We hold that the trial court did not err in overruling the motion for new trial because the testimony of this witness pertaining to the deceased having a knife would have been merely cumulative. Three defense witnesses had already testified that they saw a knife in the possession of the deceased at the time he was shot.

The testimony of Bradley, who was not at the scene of the offense, would not be of such a character as would probably change the result if produced on another trial and, being merely cumulative, no error is shown. Montgomery v. State, Tex. Cr.App., 460 S.W.2d 419; Garcia v. State, Tex.Cr.App., 435 S.W.2d 533; Vasquez v. State, Tex.Cr.App., 371 S.W.2d 389.
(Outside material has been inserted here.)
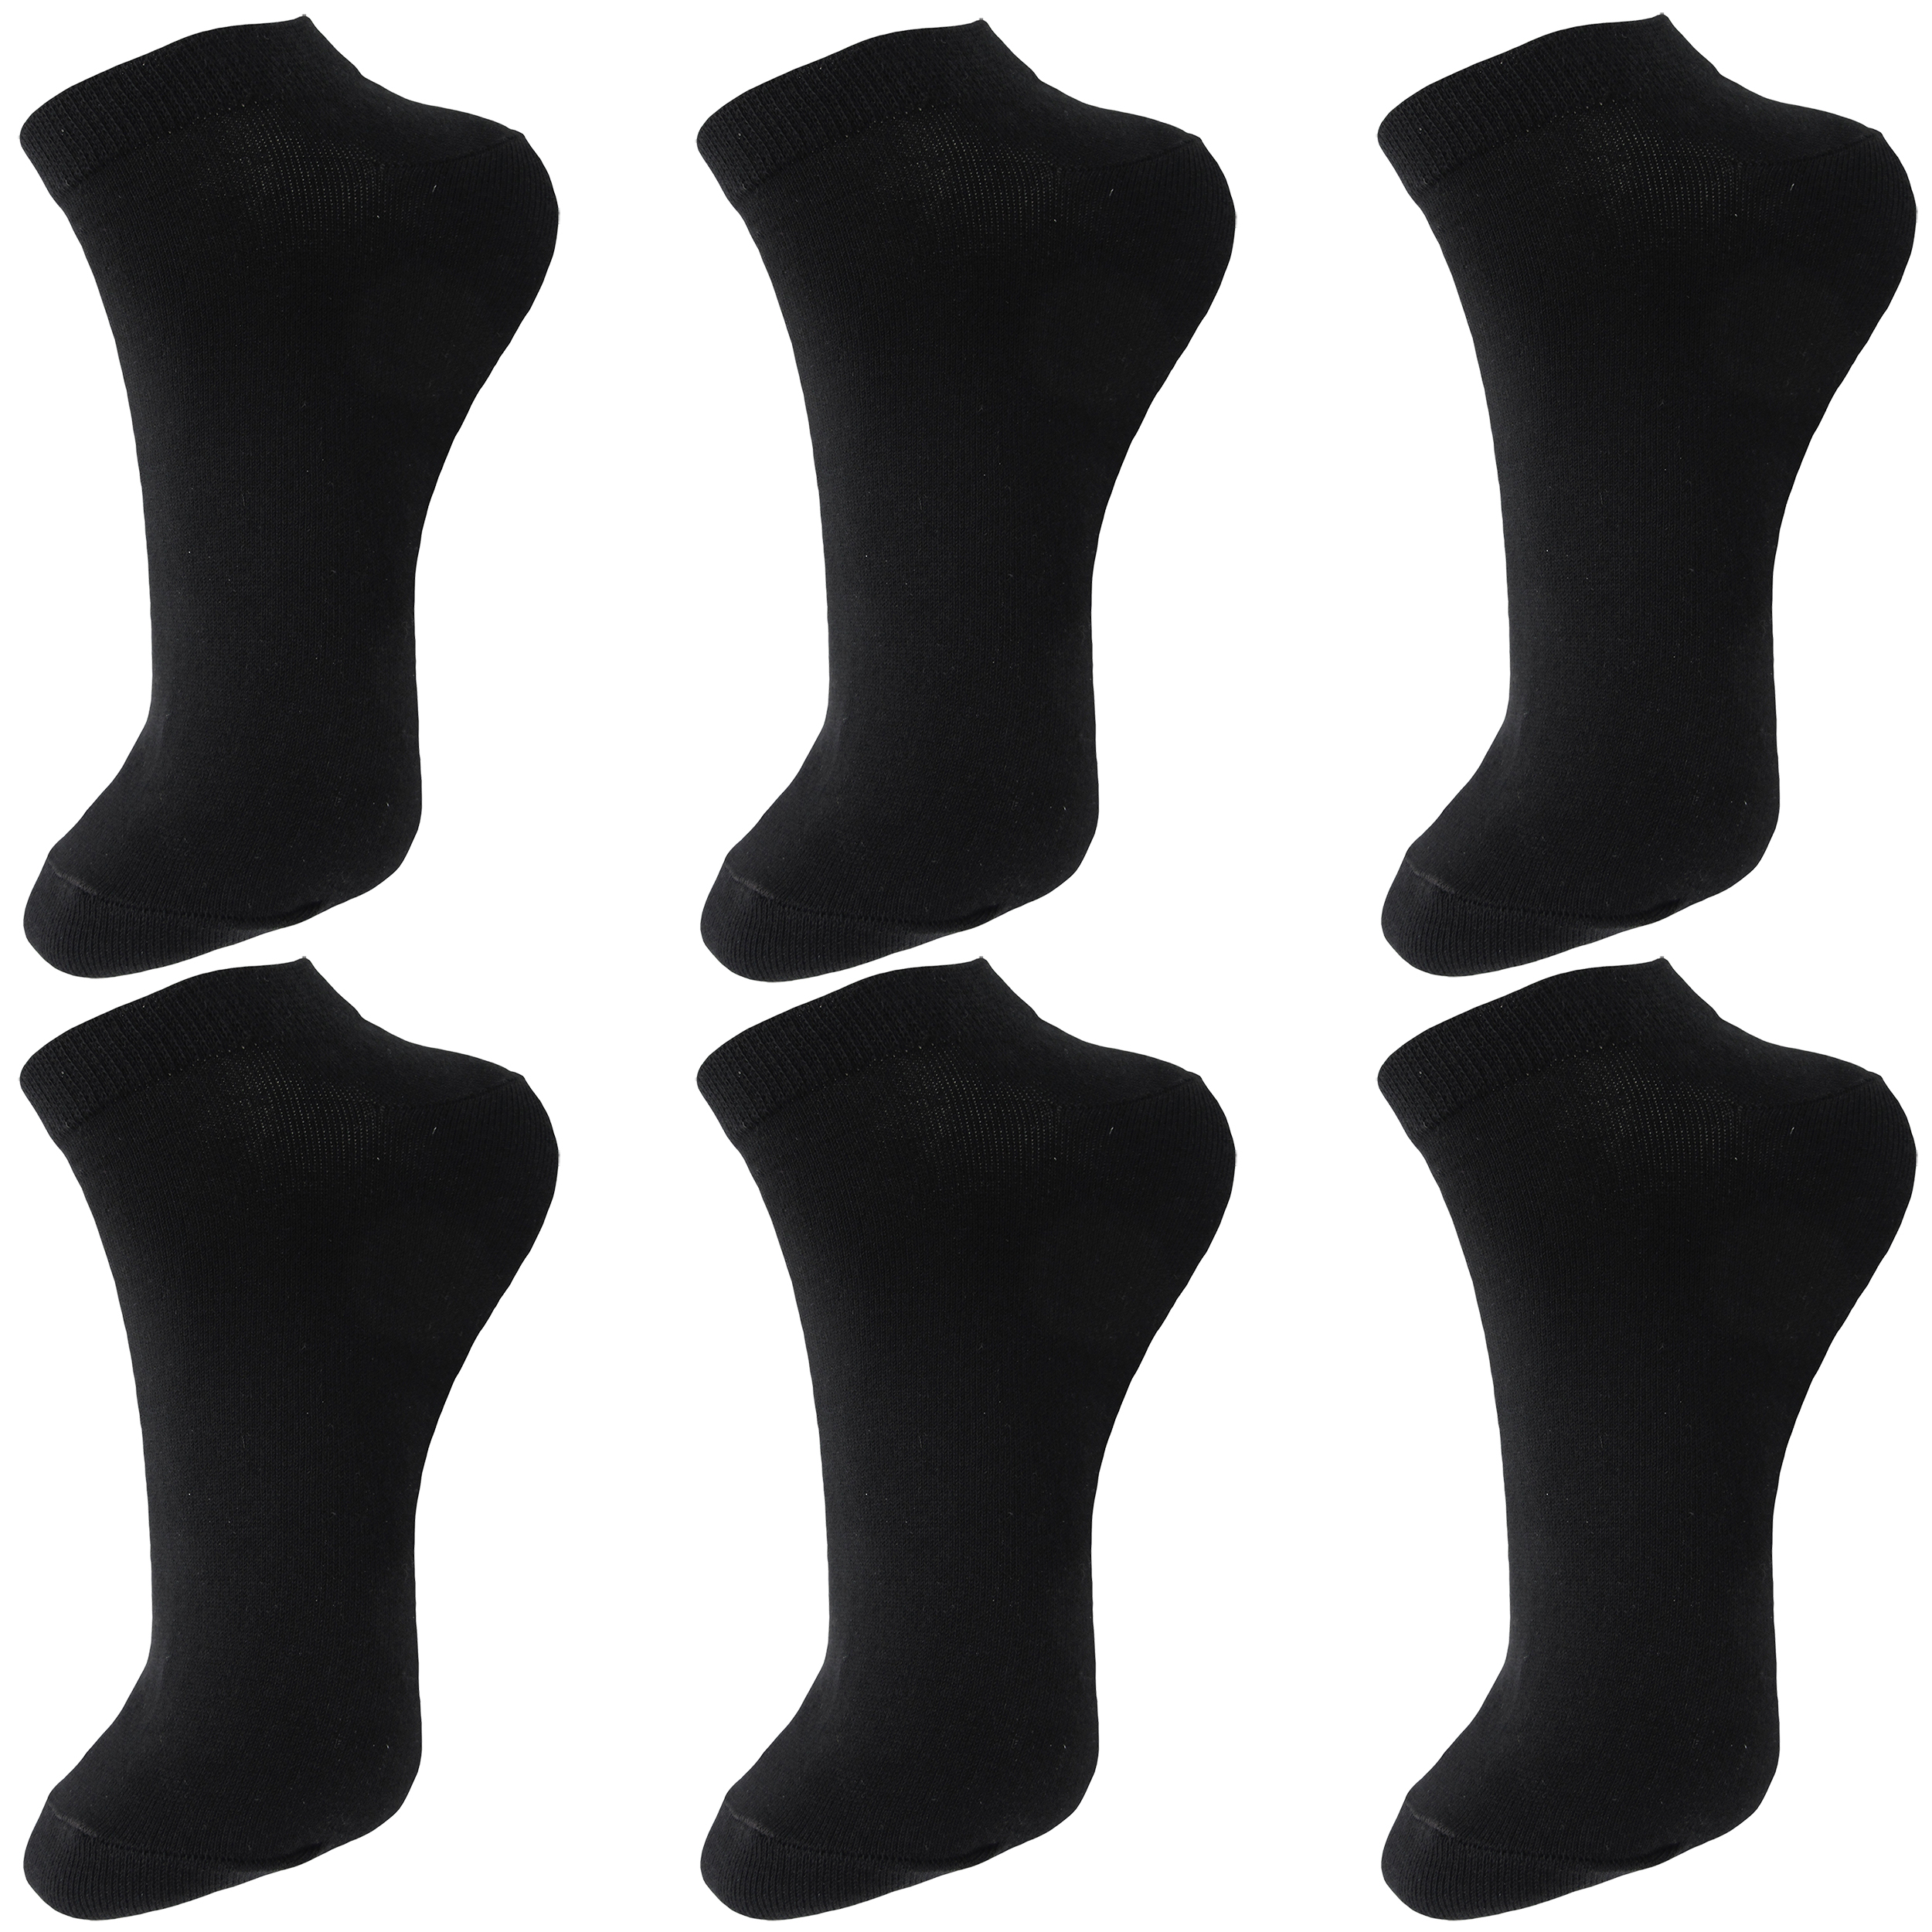 جوراب ساق کوتاه مردانه ادیب مدل کلاسیک کد 02001 رنگ مشکی بسته 6 عددی

Also, insufficient diligence to secure the witness was shown. The record reflects that appellant received information that Bradley would testify as to the existence of a butcher knife before a verdict was reached in the case. No motion was made to the court at the time and he cannot now complain. See Gephart v. State, 157 Tex. Cr.R. 414, 249 S.W.2d 612.

Finally, appellant contends that "the trial court committed reversible error in failing to instruct the jury that they could discuss the matters raised and thereupon refer them back to the definitions in the charge."

The record reflects that during the jury deliberations a request was made for certain testimony to be read back. Whereupon, the jury was placed in the jury box and the following is revealed:

"MR. MELTON (the Jury Foreman): May we discuss murder with malice aforethought and murder without malice aforethought?
"THE COURT: You have been instructed in the Court's charge as to what you must consider, the evidence that is before you and the law that is contained in the Court's charge. You must not discuss any other matters."

These proceedings were in open court and the court answered the question without objection of appellant.[2] The record further reflects that the court, in its main charge, had instructed the jury on the law of murder with malice aforethought and murder without malice, and had properly applied the law to the facts. By its answer, the court called attention of the jury to the charge which authorized them to consider both murder with malice and murder without malice. Appellant made no objection to the answer given by the court nor did he request any special instruction. No error is shown. Hancock v. State, 120 Tex. Crim. 162, 47 S.W.2d 299.

There being no reversible error, the judgment is affirmed.

NOTES

[1] Miles died of gunshot wound through the chest and abdomen.

[2] A careful compliance with Art. 36.27 Vernon's Ann. C.C.P. would have required that the court's answer be in writing. See Walker v. State, 440 S.W.2d 653; Allaben v. State, Tex.Cr.App., 418 S.W.2d 517.